Perhaps part of the attraction of bitcoin for techie types is the very fact that it’s such a mystery to everyone else, accustomed as we are to traditional currencies. That makes the bitcoin club very exclusive.

So what is a ‘digital currency’ anyway? How can any kind of real money exist only in a digital form? Well, the two things that enable it to work are a) the fact that there are a finite number of bitcoins in existence, and b) the clever bit of technology that underpins it: the blockchain.

The blockchain is, in a way, the best thing about bitcoin. Safe to say that whatever may happen to bitcoin in the ephemeral world of digital fads, blockchains have a serious future in the technology of payments and money transmission: central banks are already working on what that future might be. Essentially, a blockchain is a record of digital events: in the case of bitcoin, any change in ownership of any one ‘coin’. This record is impossible to change, so it can’t be edited after it has been confirmed. The only way of altering the blockchain is by adding to it, rather than erasing previous entries. And the record is not stored in just one place, but shared across hundreds or thousands of networked computers, making it harder to hack.

The other interesting thing is that the system is anonymous. Unlike a bank or Paypal, which request all sorts of personal details from you, bitcoin doesn’t care who you are. That makes it popular with people who don’t want their financial activities traced, whether because they are extreme libertarians or because they have something to hide. Many users feel a political affinity with the bitcoin concept of a currency that functions independently of any bank, government or institution full of men in suits. As one user told me: ‘Bitcoin doesn’t have a CEO; it has no ability to care either way about who uses it or why.’

But beyond those who want to hide, is bitcoin flourishing among everyday consumers? Well, it’s certainly a growth market. Plenty of people have given it a shot to see what the fuss is about, but it’s the drug-dealing and cybercrime fraternities that allegedly make up a large proportion of bitcoin turnover.

When, for example, the first Silk Road online market-place (a site which mostly sold drugs on the ‘dark web’, the part of the internet inaccessible through normal search engines) was shut down in 2013 by the FBI, the price of bitcoin saw a short-term crash because so many coins had been seized by the US authorities.

But one aficionado who has lived off bitcoin trading for the last two years told me: ‘It’s very convenient to paint the whole [bitcoin user] group as one homogenous entity. But I’ve met people from all sides of the political spectrum in bitcoin forums on the internet.’

What else is bitcoin good for? Charities are keen to use it, especially when transferring money to, say, Africa, because the transaction costs are much smaller than with services such as Western Union. A number of places and websites also accept bitcoin payment (full list at www.wheretospendbitcoins.co.uk), including the Pembury Tavern in Hackney, which was the first British pub to join this new marketplace.
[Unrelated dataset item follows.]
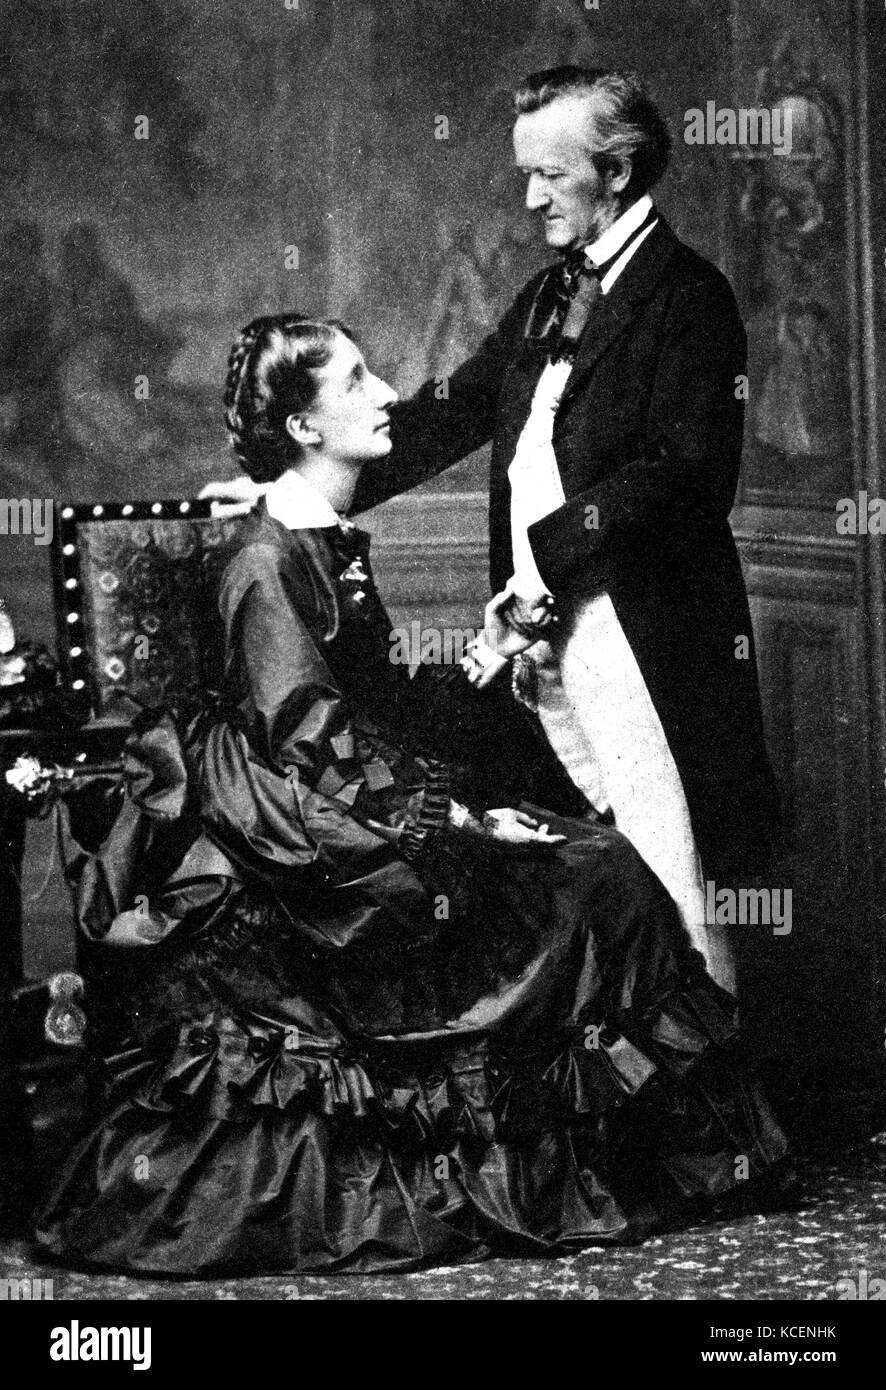 Foto von deutschen Komponisten Wilhelm Wagner (1813-1883) und seiner zweiten Frau Cosima Wagner (1837-1930), die zusammen die Bayreuther Festspiele gegründet. Vom 19. Jahrhundert Stockfoto
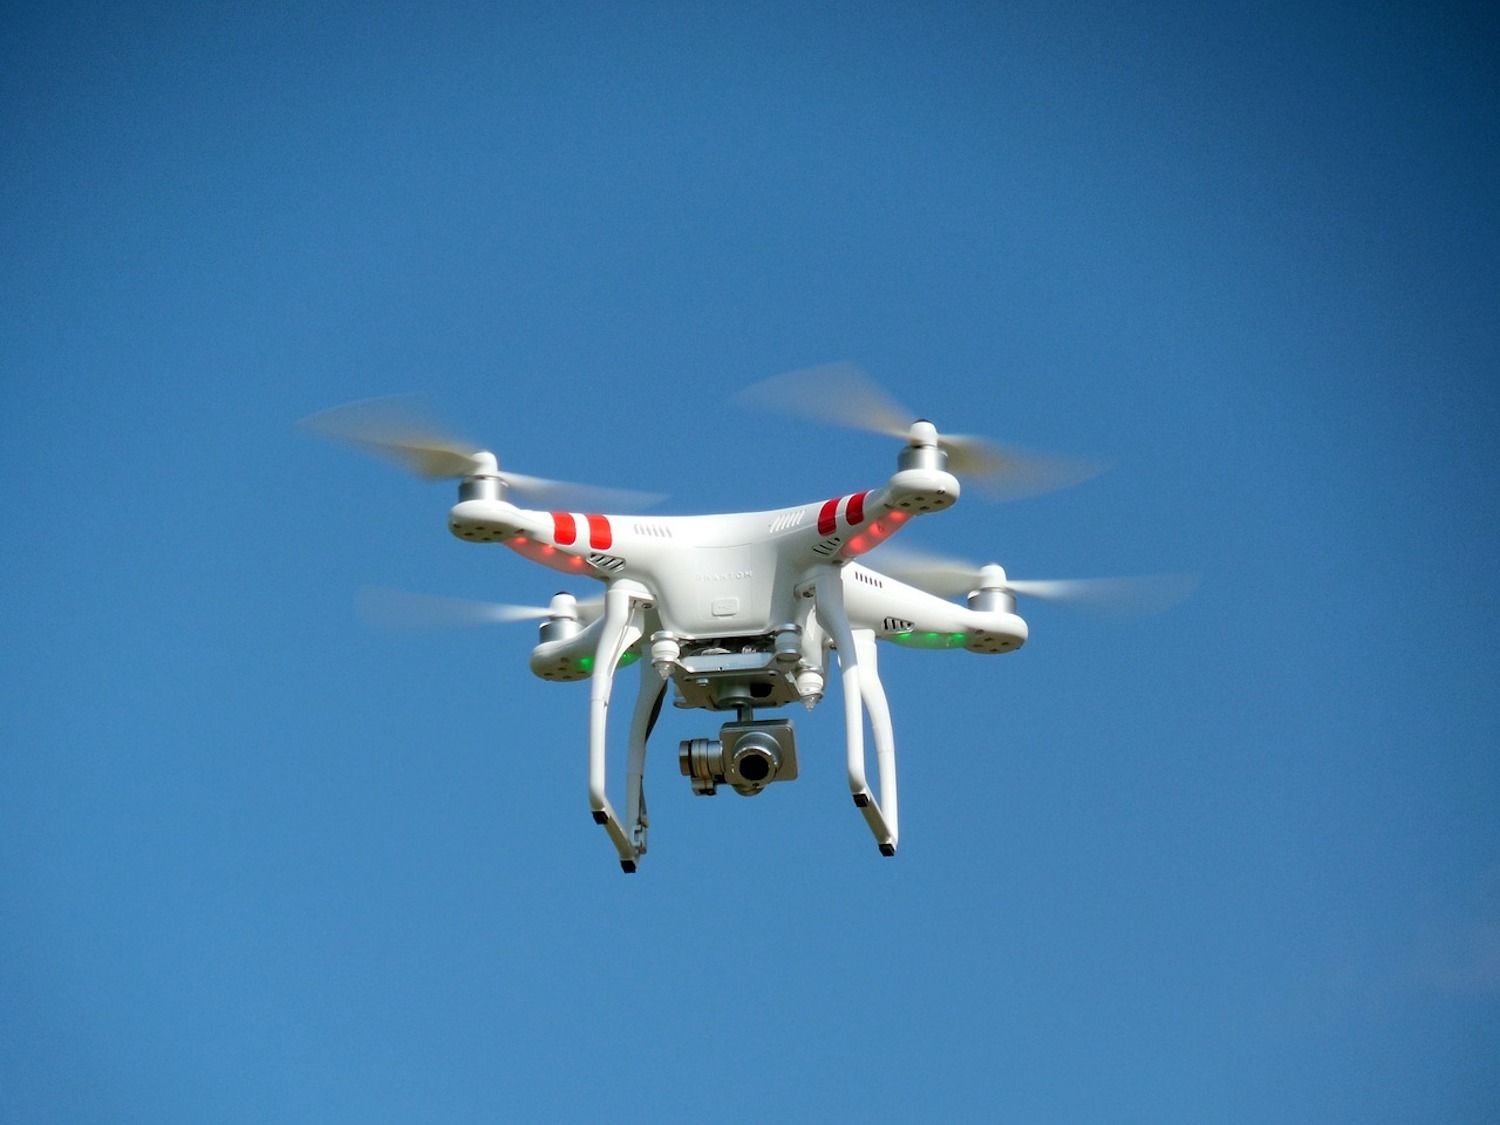 Le spiagge di Barcellona saranno monitorate da Urbana con i droni

But bitcoin, as with any other currency, is still at the mercy of exchange-rate fluctuations. Even the most dedicated bitcoin users agree on this point: it’s no more reliable than any other currency, and possibly less so. In the past, bitcoin prices against US dollars have fluctuated massively in short spaces of time — and with no central authority in control, its market is vulnerable to manipulation.

The same applies to bitcoin as an investment: will it stand the test of time? One benefit — so it is said — is that once 21 million bitcoins have been released, production will stop, meaning that your virtual cash could hold its value, on grounds of scarcity, more than a traditional currency. But some devotees have already raised the question of removing or raising that cap.

Meanwhile, Wall Street has also been showing more interest in the currency, with a bitcoin index introduced on the New York Stock Exchange last year. It also has been gaining traction in countries with unstable currencies or weak banking systems. If the mainstream financiers who brought the world to its knees in 2008 decide to embrace bitcoin, who knows what will happen to it.

So how about bitcoin as a hedge against the Brexit result, or a safe haven in the current round of financial turmoil? Whichever way the EU vote goes, it looks like sterling is in for a torrid time in the short to medium term, and shares have already gone into a bear market. So if you’re looking for somewhere safer to keep your cash, is bitcoin an option?

It’s certainly a volatile proposition: you might make money if your timing is exactly right but if there’s a sudden panic over bitcoin’s future, the bottom could fall out of this market very quickly indeed. There’s always a risk of cyberattack too, especially given that so many bitcoin users tend to be high-level techies.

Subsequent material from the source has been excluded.